Neither of the heads said anything. Zabilla had pulled her nano-screen in as the heads expanded theirs. There was sparring at a nano-level as their nanites interrogated hers and Dracup’s.
‘What just happened?’ the voice, modulated for psychological impact, asked. She wasn’t sure which of them had spoken.
‘Explain yourself,’ she told the heads.
‘For a moment there was something not of the Game in here,’ the voice answered. She felt coldness creeping through her. The pinprick. The strange thing was that she thought she had heard something that she had never heard before from a head. It sounded like it was unsure of itself.
‘Well, have you found anything?’ she asked.
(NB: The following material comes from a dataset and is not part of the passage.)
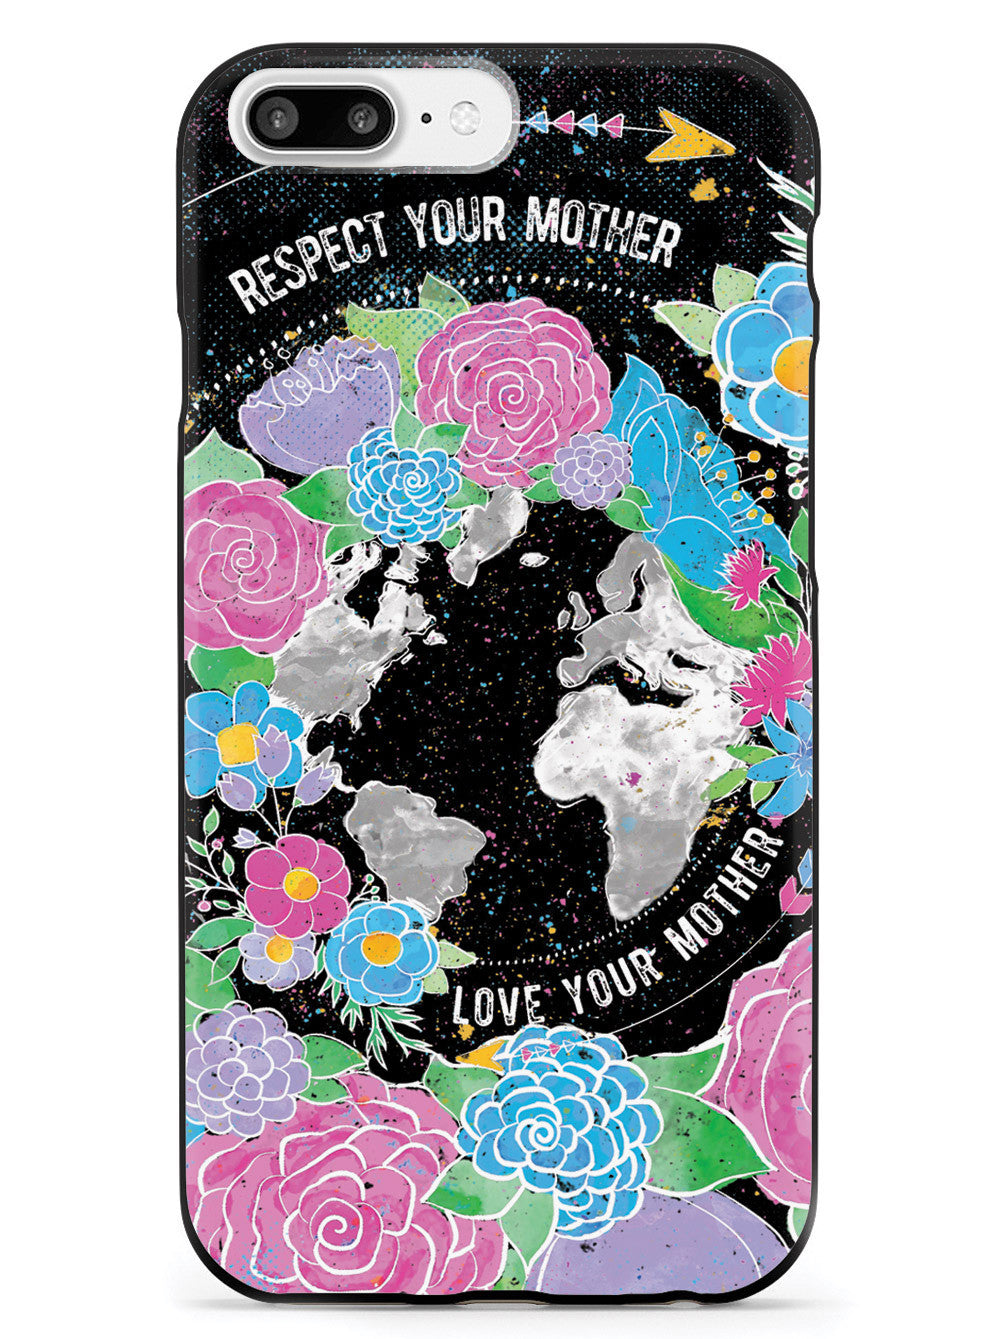 Respect & Love Your Mother - Earth Supporter - Black Case

‘Why were you reviewing your physiological readings and security systems?’ the voice asked, suspicious now. Dracup turned to look at her. He looked suspicious as well.
‘I thought I felt something. A pinprick, but it was nothing, a dream or some half-waking sensation, nothing more. What made you think there was something else here?’
‘It came from the Absolute,’ the voice said.
So the Absolute had been monitoring her as she slept. Again the cold clammy feeling of violation rose inside her. She tried to force it down. Both the heads seemed to be staring at her with the dead black holes in their mask-like faces where eyes should have been.
‘Perhaps the Absolute only felt what I felt?’ she said.
‘Have you found anything?’ Dracup asked impatiently.
‘No,’ the voice answered.
‘Will you be taking any further action?’
There was a pause.
‘Not at the moment.’
The heads turned and left the apartment, the aperture door shutting behind them. Dracup gave her that questioning look again. She wanted to talk to him, to hold him, to take comfort from him, but this would only leave her more vulnerable, and her paranoia, one of the most important qualities of the professional player, would not allow her to show that weakness.
The massive chamber was arched like a Seeder cathedral. The wood had been grown into detailed ornamental patterns. Parts of it were friezes showing the history and mythology of the Game and the Absolute. It showed the Absolute’s journey from a world of toil to the world of leisure and pleasure that was the Game. In which you didn’t have to work unless you chose to. All you had to do was play the most involving game that had ever been created.
The hall had been grown out of the main trunk, its back wall a series of stained-glass windows. Sun shone through, illuminating the dust motes and larger nanite clusters in the air. Zabilla stood next to Dracup, her installation, her gift, in front of her in a covered glass box about the size of a large cupboard. Scoular was to her right, with Carinne and a similar covered box in front of him. He didn’t look confident; in fact, he looked ill.
Zabilla recognised most of the crowd. They were the top players from the arcology within the fields of genetics, biology and biophysics, as well as a number of art critics.